I am trying to read a file which may have any charset/codePage, but I don't which locale to set in order to read the file correctly.

Below is my code snippet in which I am trying to read a file having charset as windows-1256, but I want to get the charset dynamically from the file being read so that I can set the locale accordingly.

std::wifstream input{ filename.c_str() };
std::wstring content{ std::istreambuf_iterator<wchar_t>(input1), std::istreambuf_iterator<wchar_t>() };
input.imbue(std::locale(".1256"));
contents = ws2s(content); // Convert wstring to CString
Saurabh Kathpalia
  • 269
  • 1
  • 3
  • 14

2 Answers2

3

In general, this is impossible to do accurately using the content of a plain text file alone. Usually you should rely on some external information. For example, if the file was downloaded with HTTP, the encoding should be received within a response header.

Some files may contain information about the encoding as specified by the file format. XML for example: <?xml version="1.0" encoding="XXX"?>.

Unicode encodings can be detected if the file starts with a Byte Order Mark - which is optional.

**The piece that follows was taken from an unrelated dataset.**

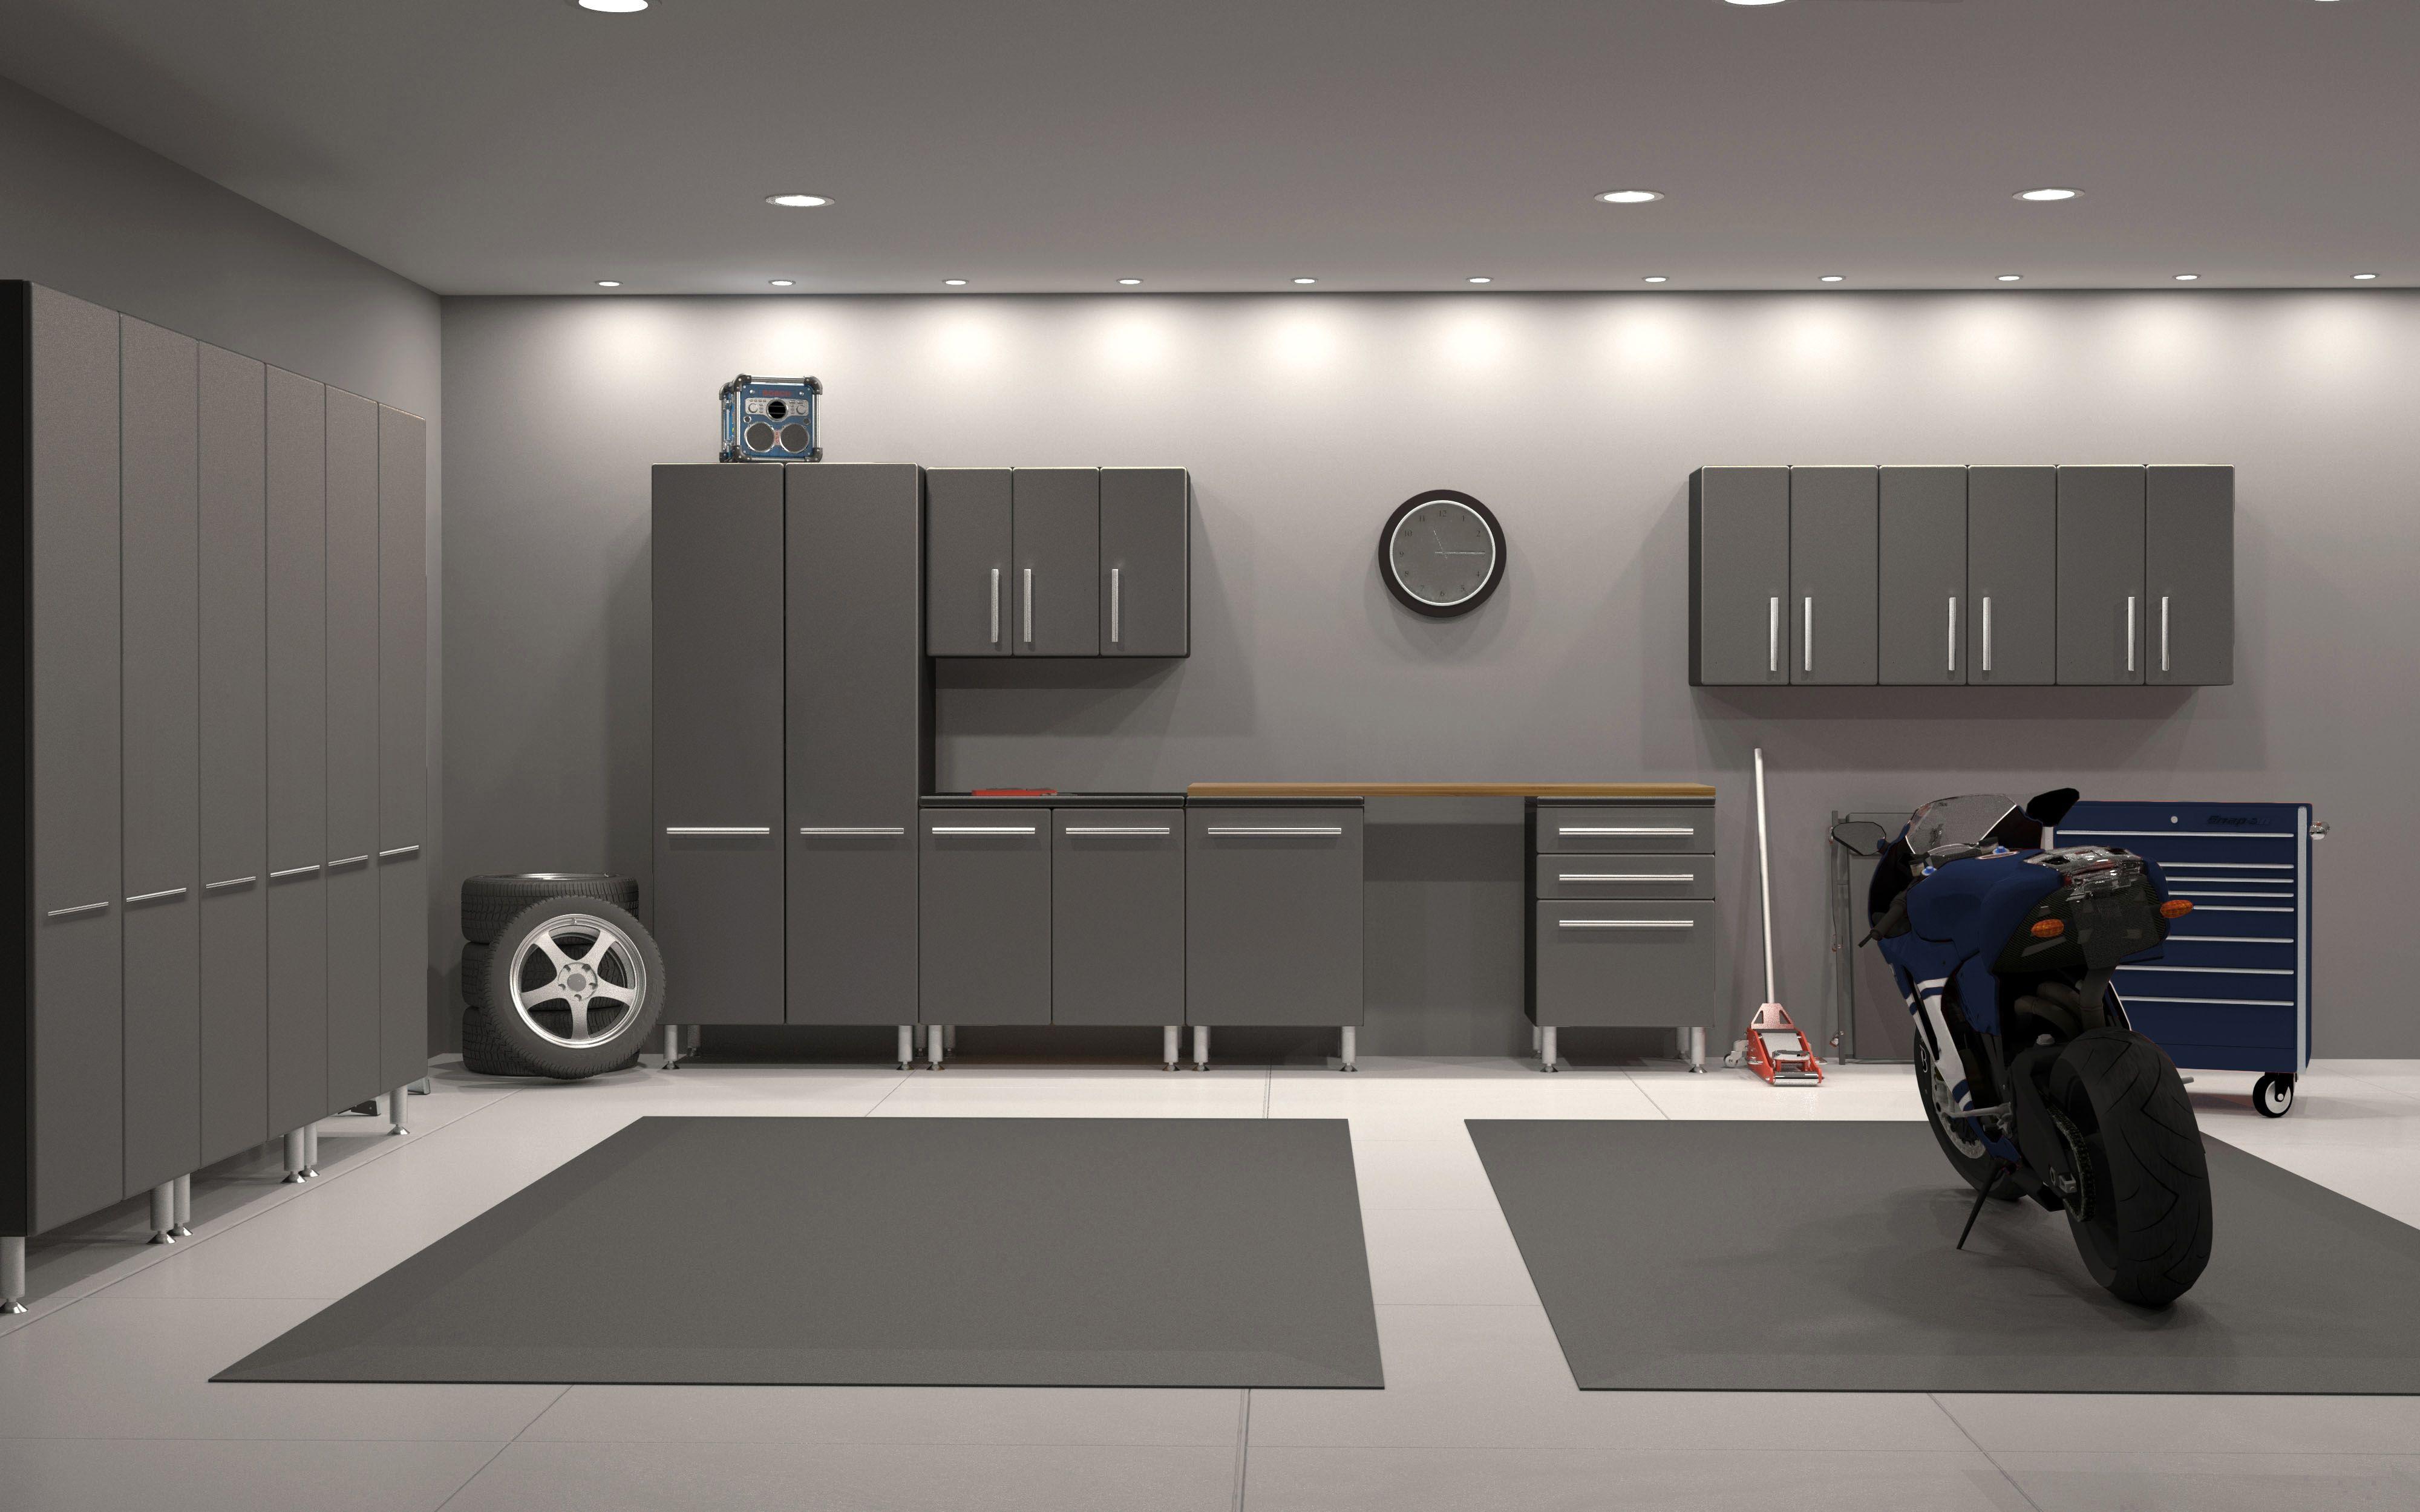 Pin On Garages

You can usually assume that the encoding uses a wide character if the file contains a zero byte - which would represent the string terminator as a narrow character - before the end of the file. Likewise if you find two consecutive zeroes aligned to a 2 byte boundary (before the end), then the encoding is probably 4 bytes wide.

Other than that, you could try to guess the encoding based on the frequency of certain characters. This can have some unintended consequences.

eerorika
  • 232,697
  • 12
  • 197
  • 326
  • There is no full proof way of determining charset, but we can use ICU library for this, which gives heuristic based solution. I used a snippet from https://github.com/mooz/node-icu-charset-detector/blob/master/node-icu-charset-detector.cpp – Saurabh Kathpalia May 29 '17 at 15:53
  • @SaurabhKathpalia yeah, outsourcing to a library is a great way to save time and effort. Just keep in mind the potential pitfalls of the heuristic based approach (the last link of my answer is a practical example of such pitfall). – eerorika May 29 '17 at 16:11
2

Let me be blunt and say: you can't

Let me qualify that: a file is simply tons of 0's and 1's stuck on your disk. A charset is a way to interpret these 0's and 1's. You have to provide the information on how to interpret them, namely, by specifying a charset.

A typical way of doing that is by writing a header to specify the charset.

This is a html header

<head>
  <title>Page Title</title>
  <meta charset="UTF-8">
</head>

As you can see, the charset must be specified one way or another.

Once in a while, you do see some rogue application guessing a charset, they often do so with some heuristics on the distribution of bytes, but that is not reliable and often results in gibberish.

As a side note, try use UTF-8 everywhere, the others are, to put it lightly, messy.

Passer By
  • 19,325
  • 6
  • 49
  • 96